Veteran U.S. diplomats baffled after mass layoffs at State Department

Yahoo12-07-2025
More than 1,300 employees were forced out of the State Department on Friday, leaving their offices with small boxes of plants and old coffee mugs and taking with them decades of specialized skills and on-the-job training as part of the United States diplomatic corps.
The massive overhaul of the federal agency has been in the works for months, with the Trump administration informing Congress in late May that thousands of State Department employees would lose their jobs as part of the largest reorganization of the department in decades.
Still, the details of whose jobs would be cut remained closely held, and many were shocked to find they were a part of the 15% cut to domestic agency staff. Several career employees who unexpectedly found themselves with pink slips told NBC News they were asked to write speeches and prepare talking points for political appointees on critical issues just days before.
'It's so hard to work somewhere your entire life and then get treated this way,' one veteran civil servant with more than 30 years working at the department told NBC News. 'I don't know how you treat people this way. I really don't.'
As the termination notices hit inboxes throughout the day, employees could be seen crying in the courtyard and huddling in corners in the hallways, as those who had been laid off lined up to hand in their laptops, phones and diplomatic passports.
'The manner in which things were done … they were not done with dignity. They were not done respectfully. They were not done transparently,' Olga Bashbush, a laid-off foreign service officer with more than 20 years of experience, told NBC News.
A senior State Department official briefing reporters on behalf of the agency ahead of the cuts told reporters Thursday that the restructuring was intended to be 'individual agnostic.'
'This is the most complicated personnel reorganization that the federal government has ever undertaken,' the official said. 'And it was done so in order to be very focused on looking at the functions that we want to eliminate or consolidate, rather than looking at individuals.'
Michael Duffin, a civil service employee with the department since 2013, spent nine years as a policy adviser with the counterterrorism bureau developing some of the first programs to counter white supremacy and other forms of violent extremism.
'No one at the State Department would disagree with the need for reform, but arbitrarily laying off people like me and others, irrespective of their performance, is not the right way to do it,' Duffin said as the closing speaker at a rally outside the department late Friday.
A general notice was sent to foreign service officers Friday announcing the reduction in force. It said the department is 'streamlining domestic operations to focus on diplomatic priorities.'
'Headcount reductions have been carefully tailored to affect non-core functions, duplicative or redundant offices, and offices where considerable efficiencies may be found from centralization or consolidation of functions and responsibilities,' the notice obtained by NBC News said.
A State Department website was also set up with a list of links and documents for affected employees with categories like 'retirement sources' and 'Federal Employee Retirement System,' but several fired employees leaving the department Friday expressed confusion and frustration to NBC News about the lack of available information on next steps.

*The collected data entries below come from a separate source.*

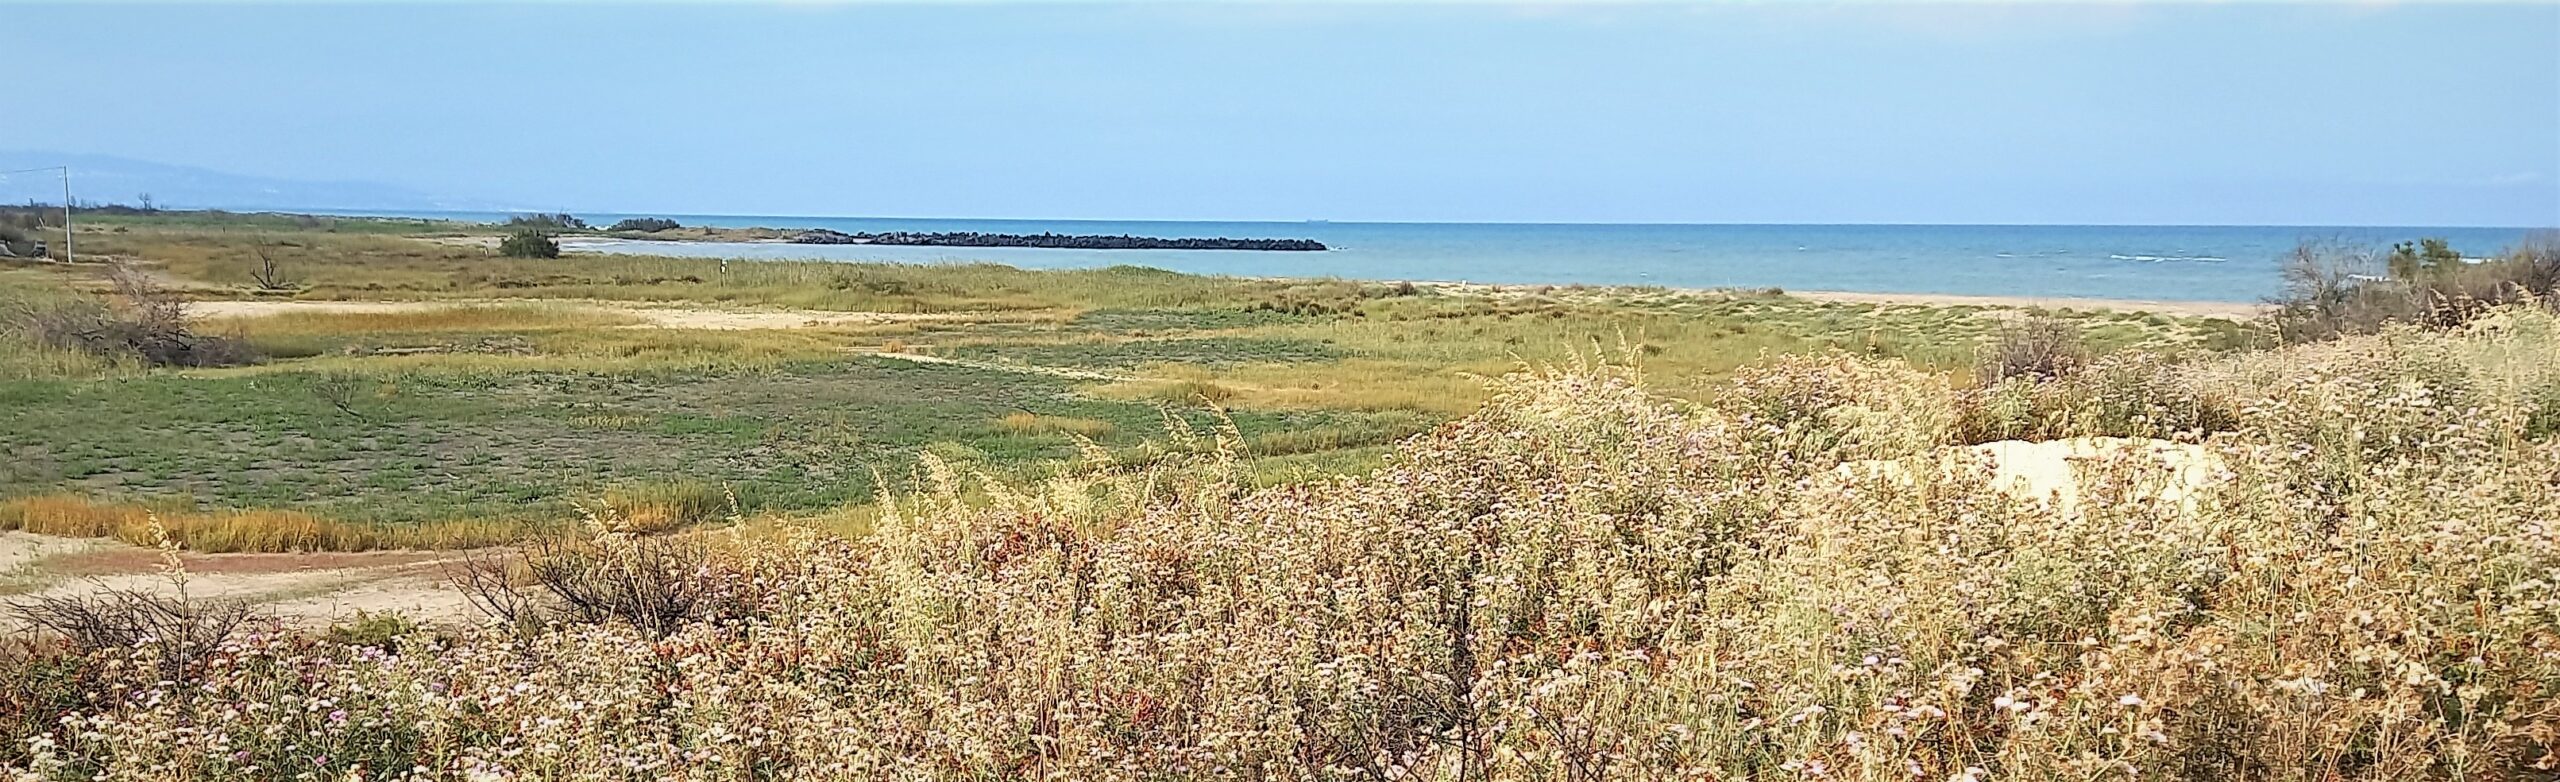 oasi della playa congiunzione simeto progetto rimboschimento 1mqdb rispetto pianeta imprints of peace
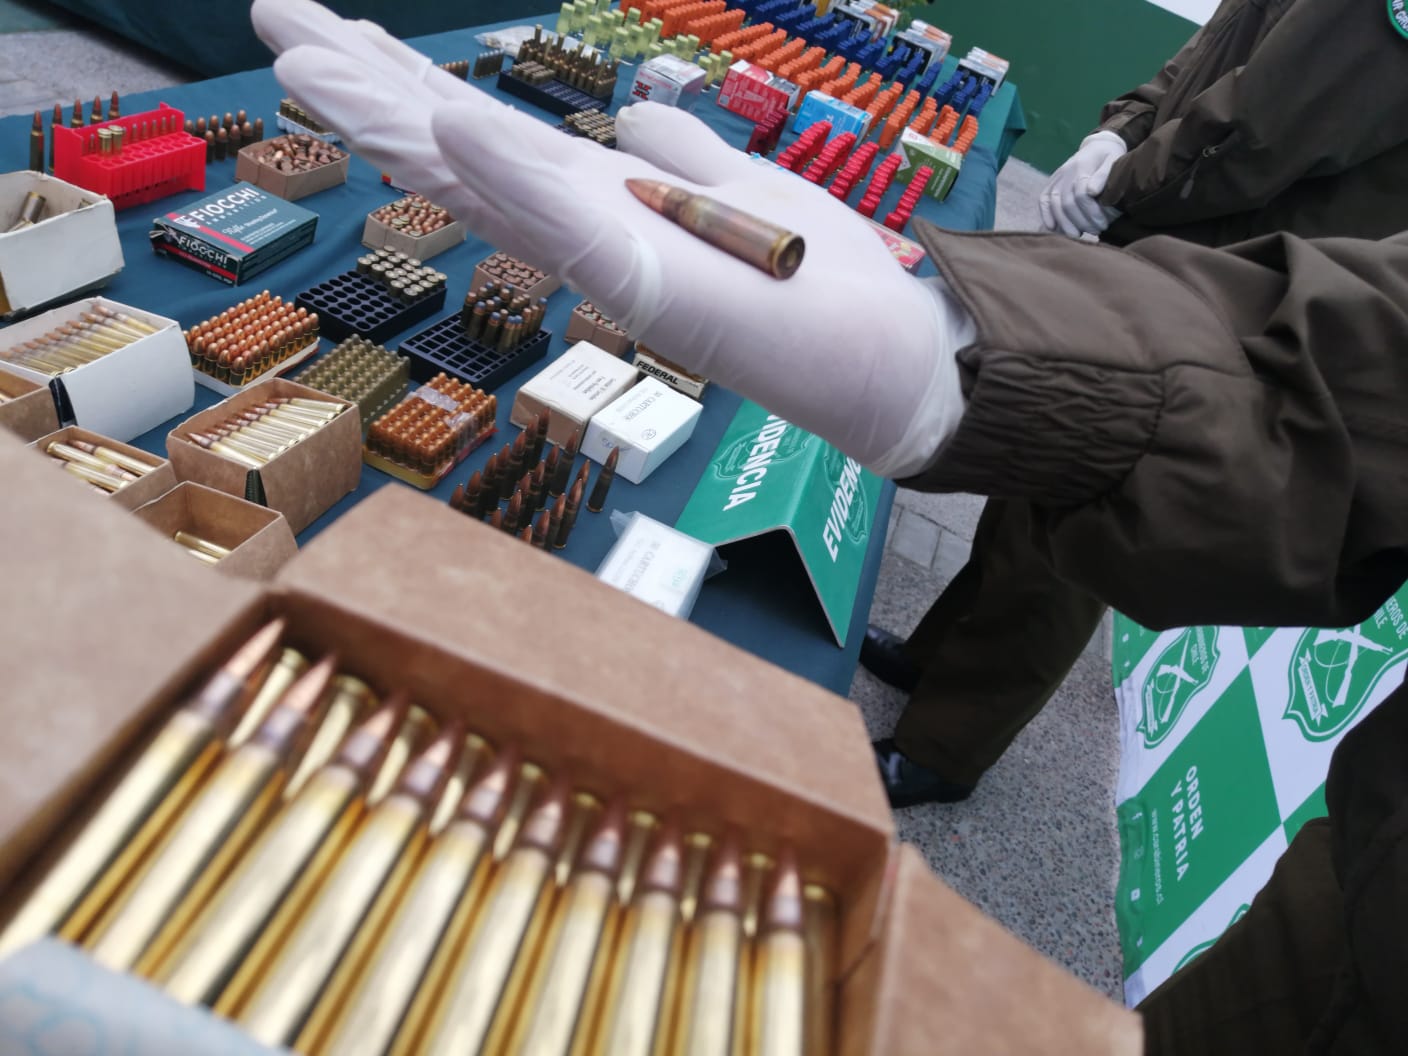 Más de 4000 municiones fueron sacadas de circulación por Carabineros en La Serena
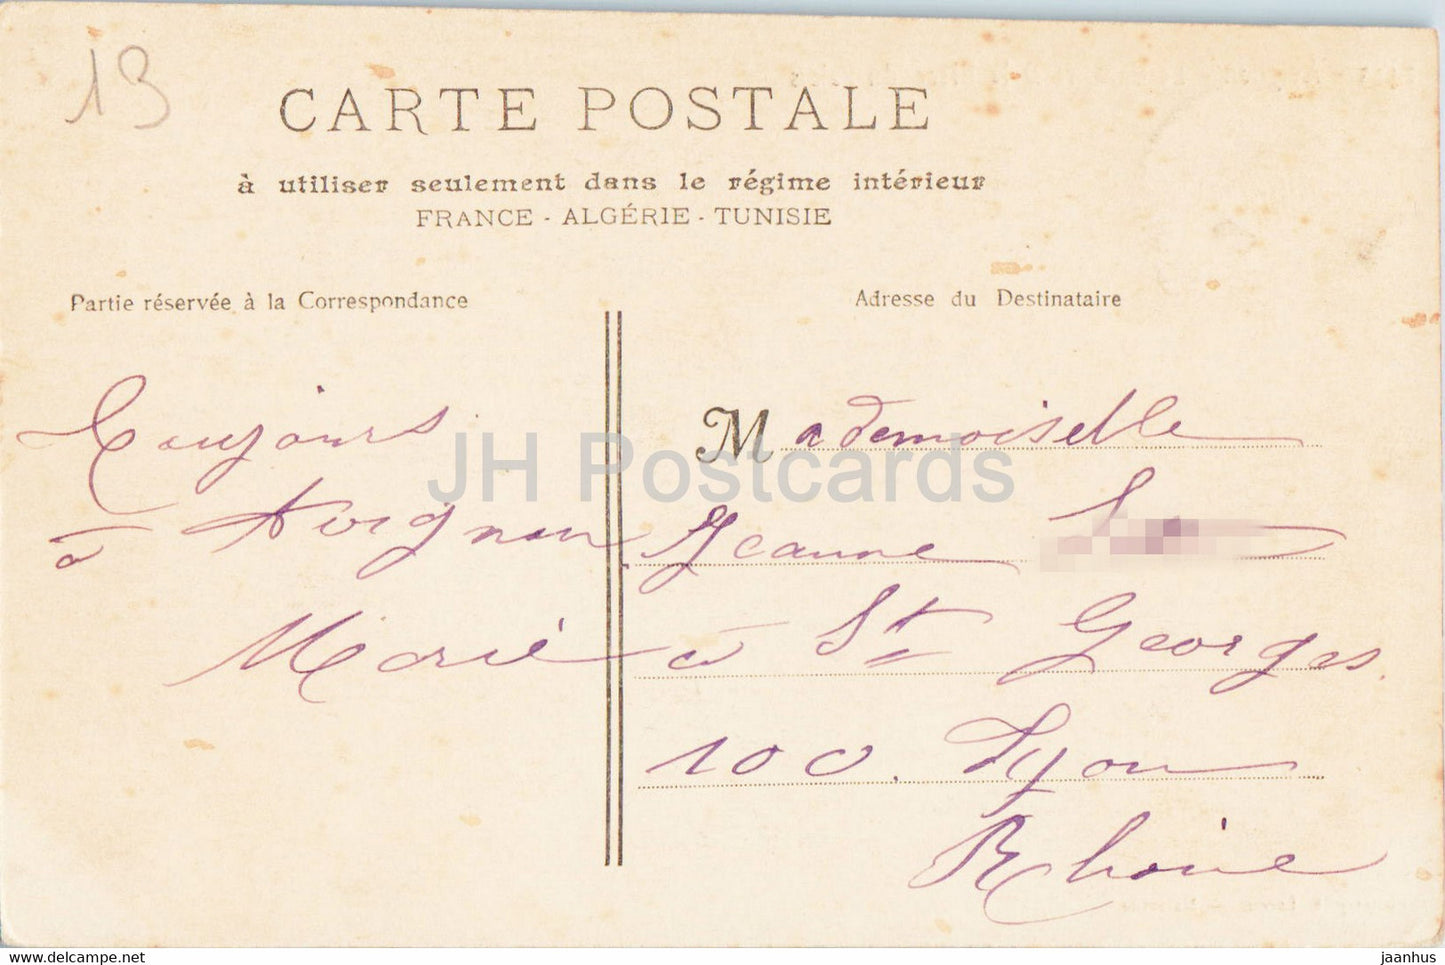 Avignon - Le Calvaire et la Place du Palais - alte Postkarte - 1905 - Frankreich - gebraucht
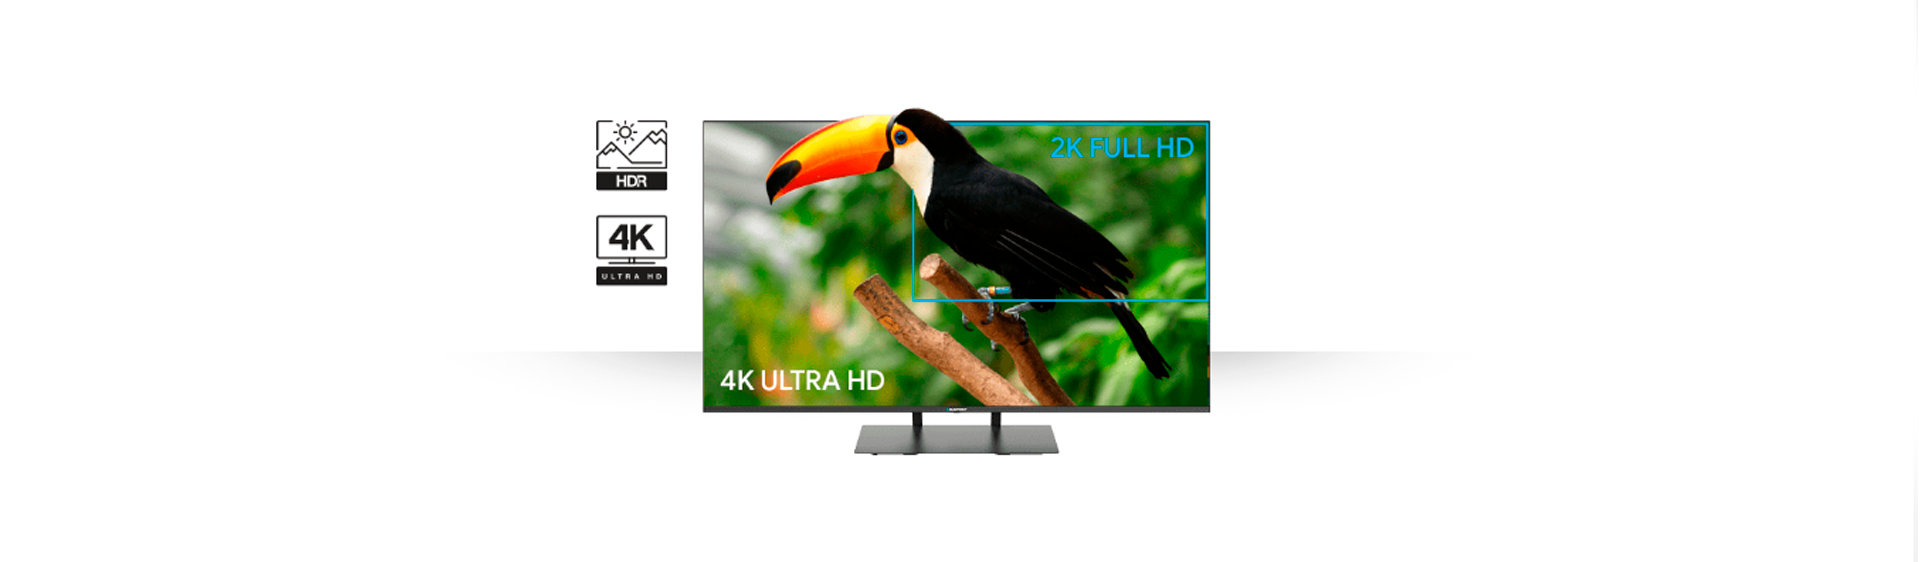 Телевизор UHD 4K Android TV Blaupunkt 50UB7000

'Yes, there was a congressional notification sent out, but the information that employees have received is literally nothing,' Bashbush said.
Impacted foreign service officers will be placed on administrative leave for 120 days, according to the notice, while most civil servants will have 60 days before being formally terminated from their positions.
By late Friday afternoon, hundreds of civil servants and foreign service officers whose numbers had not been called gathered in the front lobby to 'clap out' their less fortunate colleagues, in a tradition generally reserved for honoring departing secretaries of state.
Diplomats wheeling out boxes stacked on office chairs and cradling grocery bags stuffed with books wiped away tears amid echoing rounds of applause and shouts of support that lasted for nearly two hours.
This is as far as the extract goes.